Return the data below exactly as given, except for the images.

Data provided »
▼▼▼

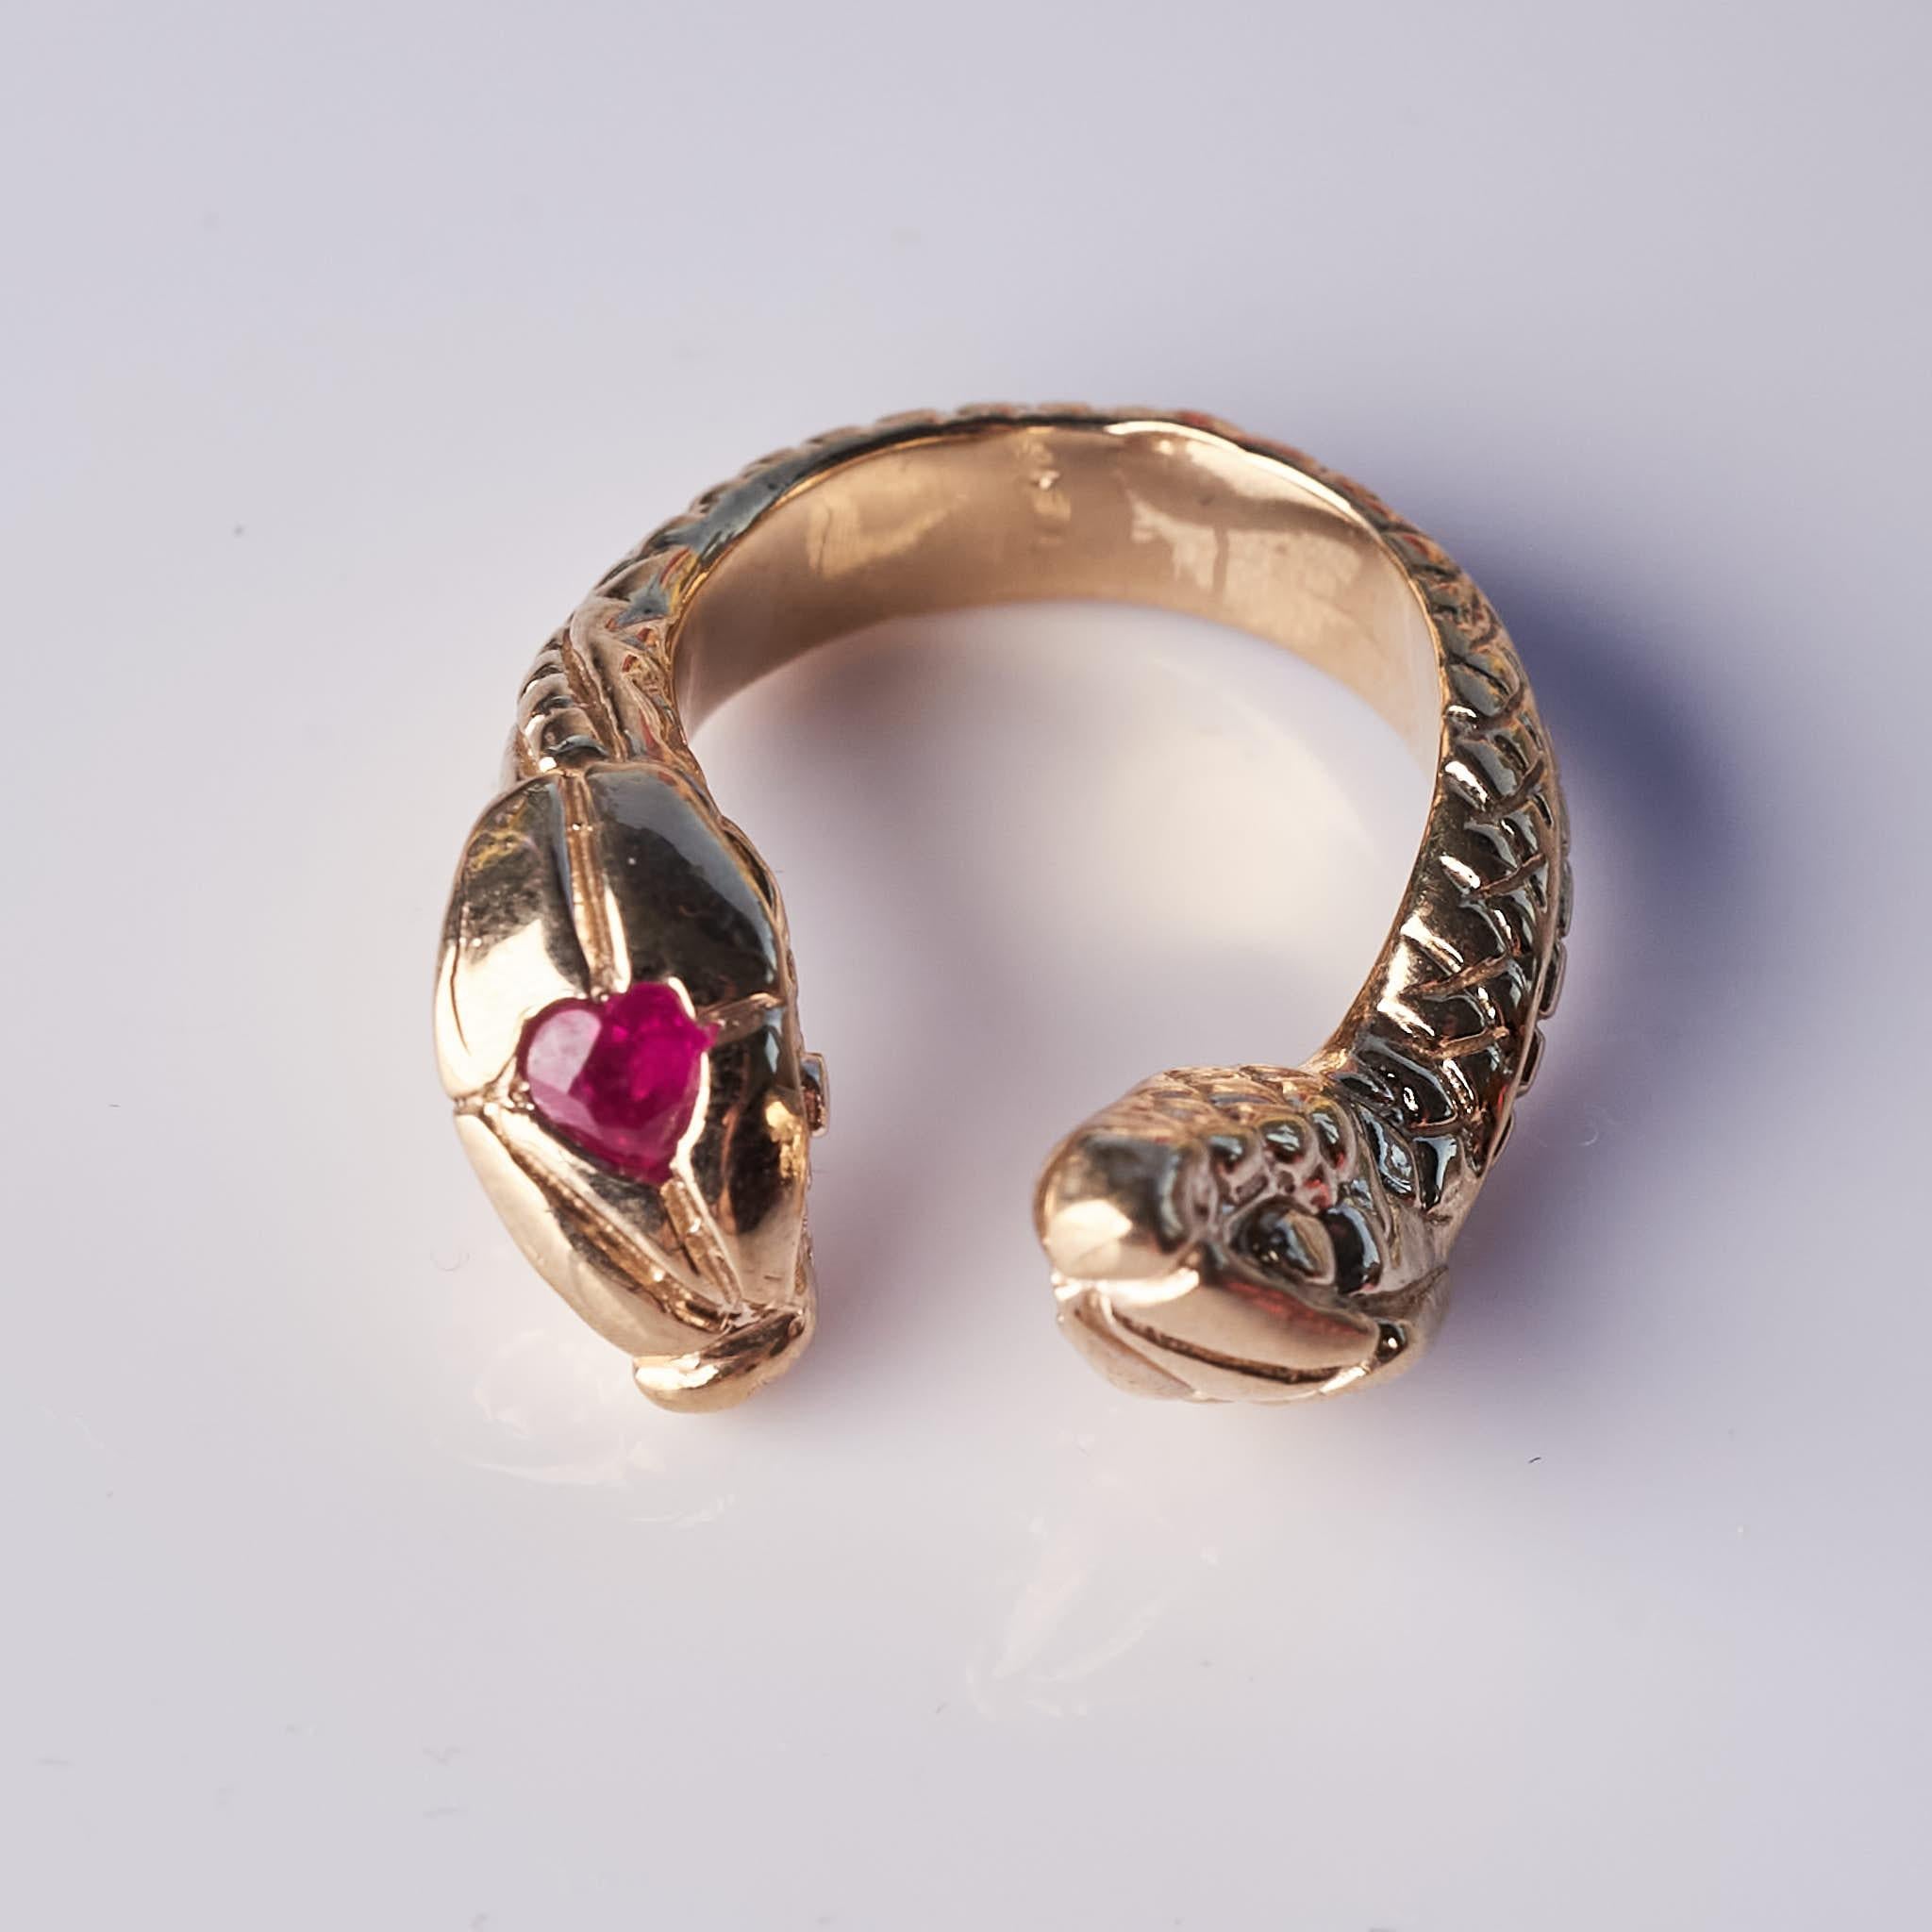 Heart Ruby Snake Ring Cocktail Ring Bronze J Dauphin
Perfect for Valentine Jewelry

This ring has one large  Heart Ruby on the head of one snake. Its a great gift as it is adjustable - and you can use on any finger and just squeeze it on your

▲▲▲

Response for this exercise »
 Heart Ruby Snake Ring Cocktail Ring Bronze J Dauphin
Perfect for Valentine Jewelry

This ring has one large  Heart Ruby on the head of one snake. Its a great gift as it is adjustable - and you can use on any finger and just squeeze it on your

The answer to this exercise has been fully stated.